Autism spectrum disorder (ASD) has been implicated with atypical functional connectivity, which may form aberrant organization of functional brain network. While a number of resting-state functional magnetic resonance imaging (rsfMRI) studies have reported long-range under-connectivity, local characteristics of the intrinsic autistic brain activity have not been fully characterized in terms of local connectional profile and amplitude of intrinsic brain activity.

In this study, we acquired rsfMRI data from 50 individuals with ASD and 50 normal controls matched for age (NC: 31.60 ± 7.60; ASD: 30.82 ± 7.39) and gender (male: 43, female: 7 for both groups) using a 1.5 Tesla General Electric Signa system with a phased-array whole-head coil (repetition time (TR): 2000 ms, flip angle: 90°, slice thickness: 4 mm with a 1-mm slice gap, matrix size: 64Χ64, 27 axial slices, 204 volumes). The rsfMRI data were analyzed using local connectivity and fractional amplitude of low-frequency fluctuation (fALFF).

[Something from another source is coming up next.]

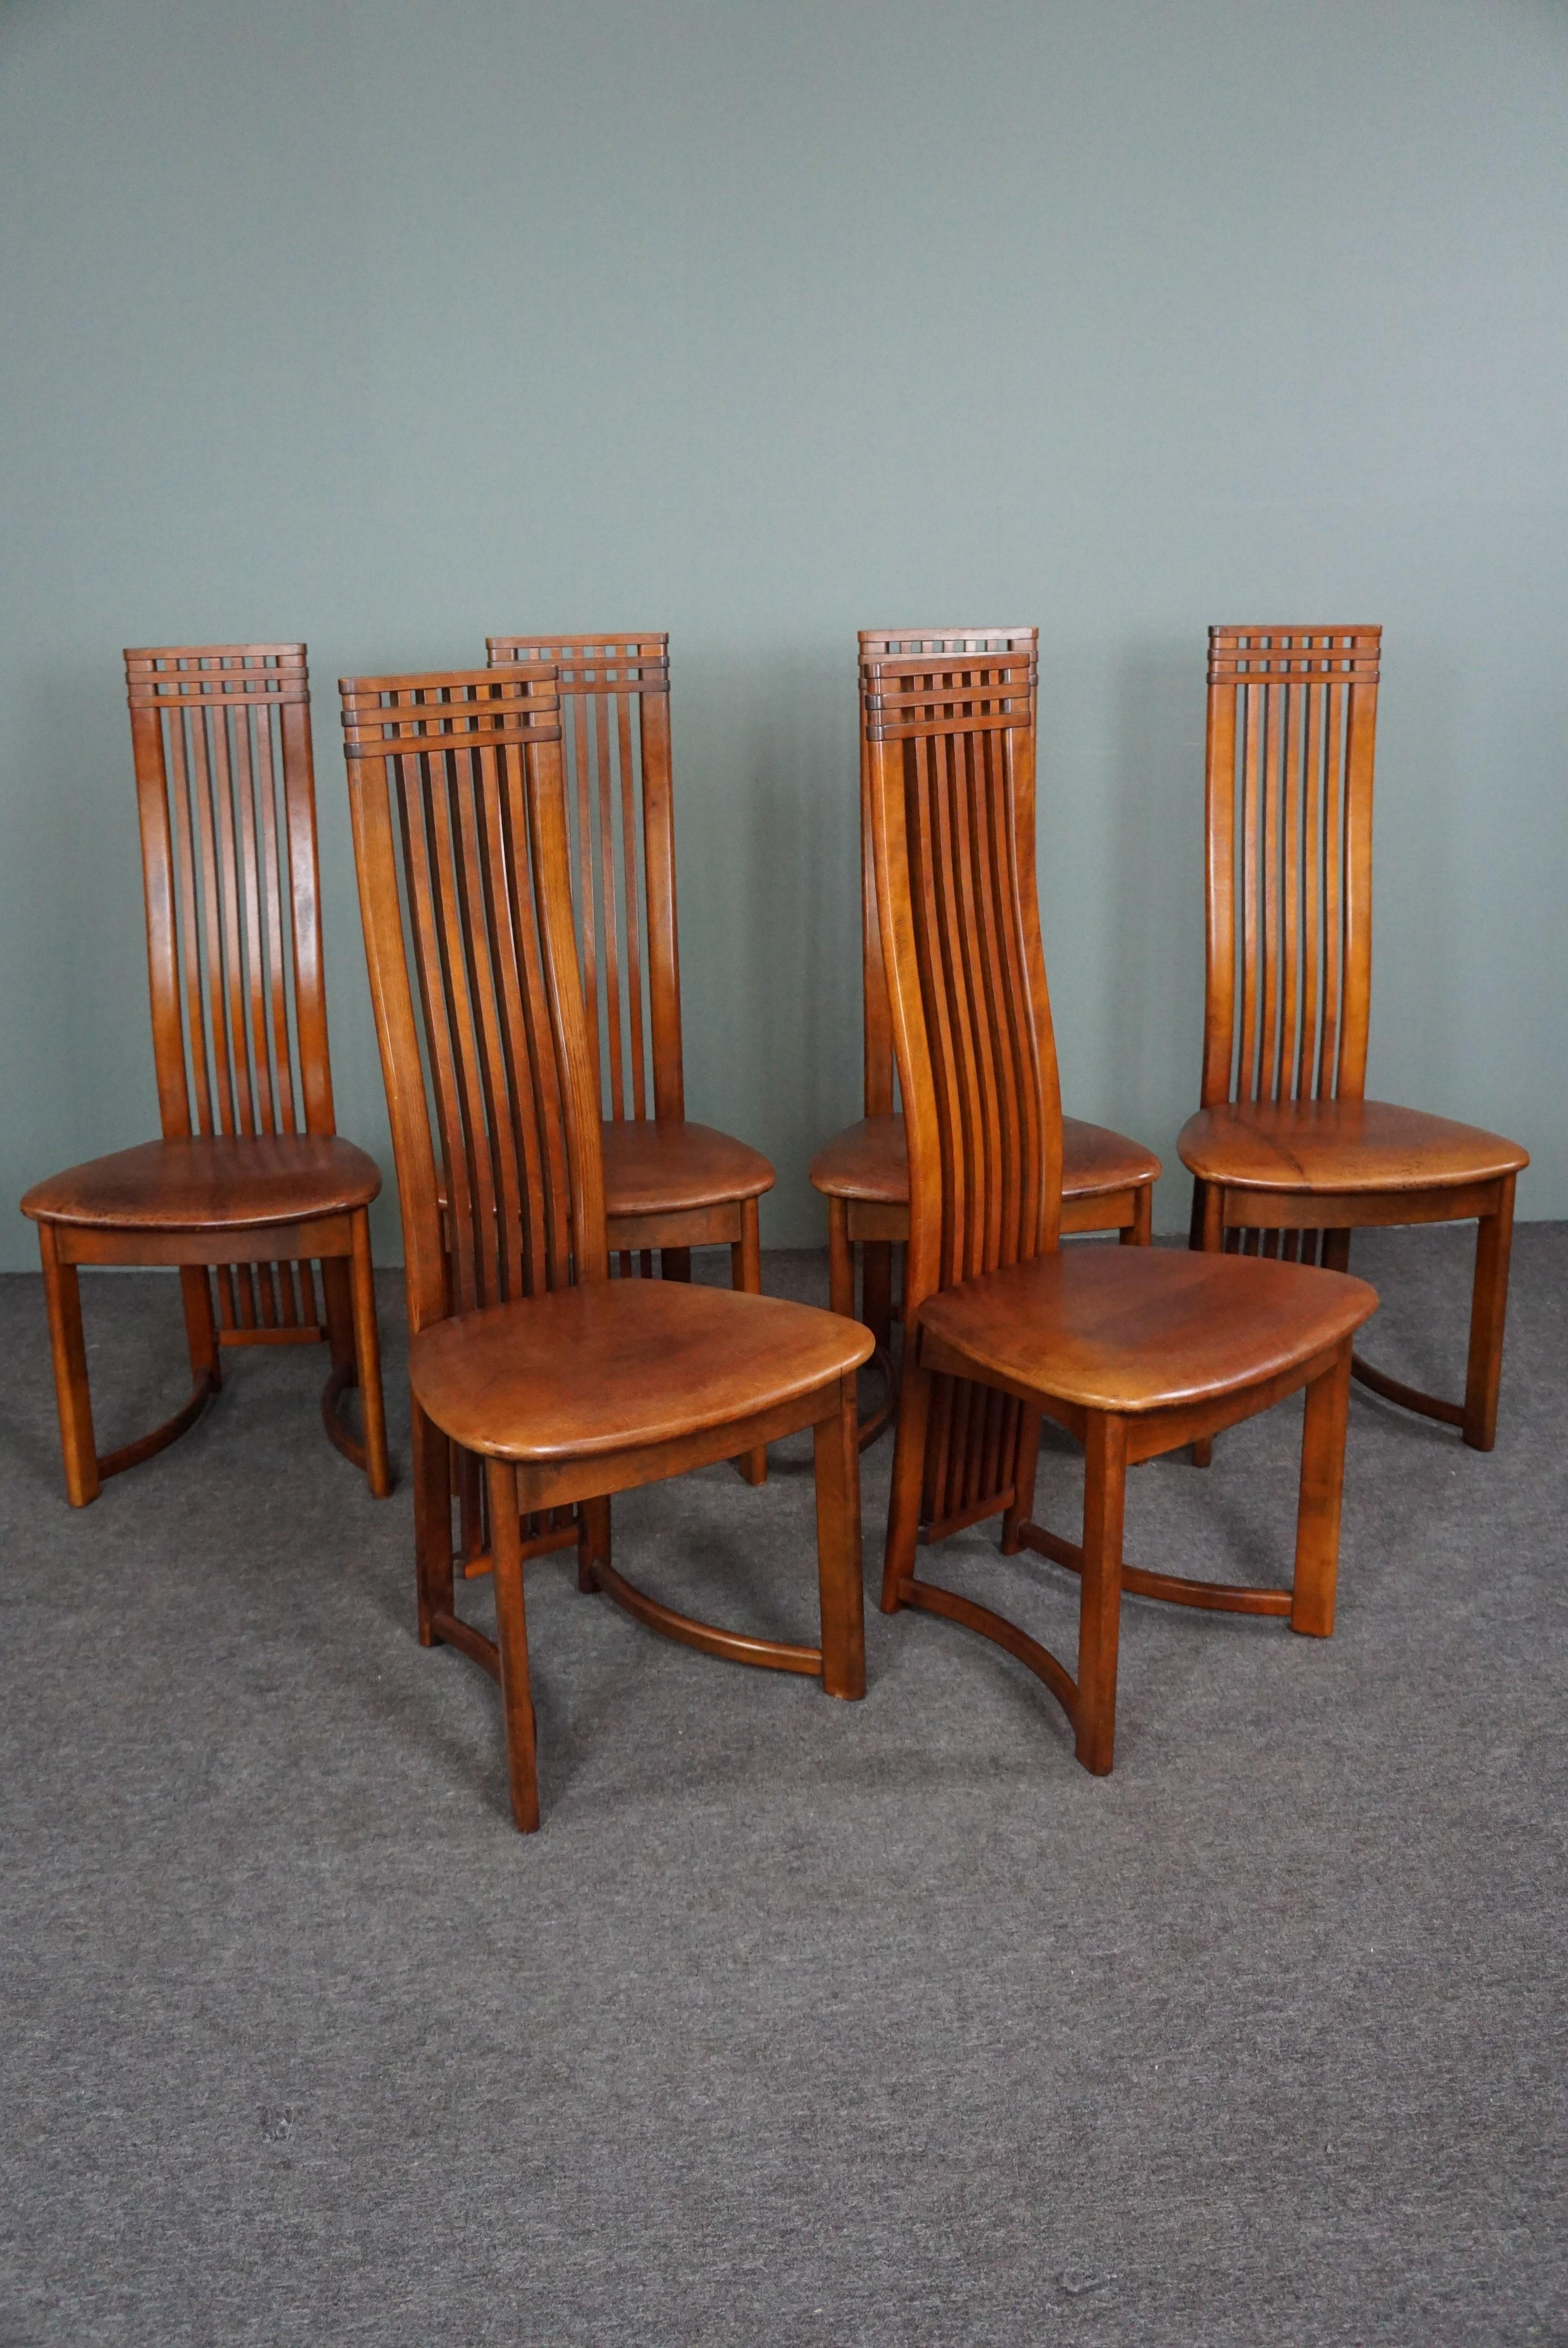 Offered is this set of 6 beautiful dining room chairs with sheep leather seats.
Is it the combination of the sheep leather and the high wooden backrest, or is it the design and appearance that make these chairs so striking? What we do know is that

We found that, compared with NCs, participants with ASD showed significant reductions of both local connectivity and fALFF in the right occipito-temporal regions, including the fusiform gyrus and posterior middle temporal gyrus (pMTG). The anatomical overlap between regions identified by the two measures was further validated by conjunction analysis. Furthermore, decline of local connectivity in the right pMTG was significantly associated with a subscale score in autism quotient related to social interaction. Our findings suggest that disrupted local neuronal oscillations and synchronizations in the occpito-temporal regions, especially in the right pMTG, may hamper abilities of individuals with ASD to accomplish successful social interaction.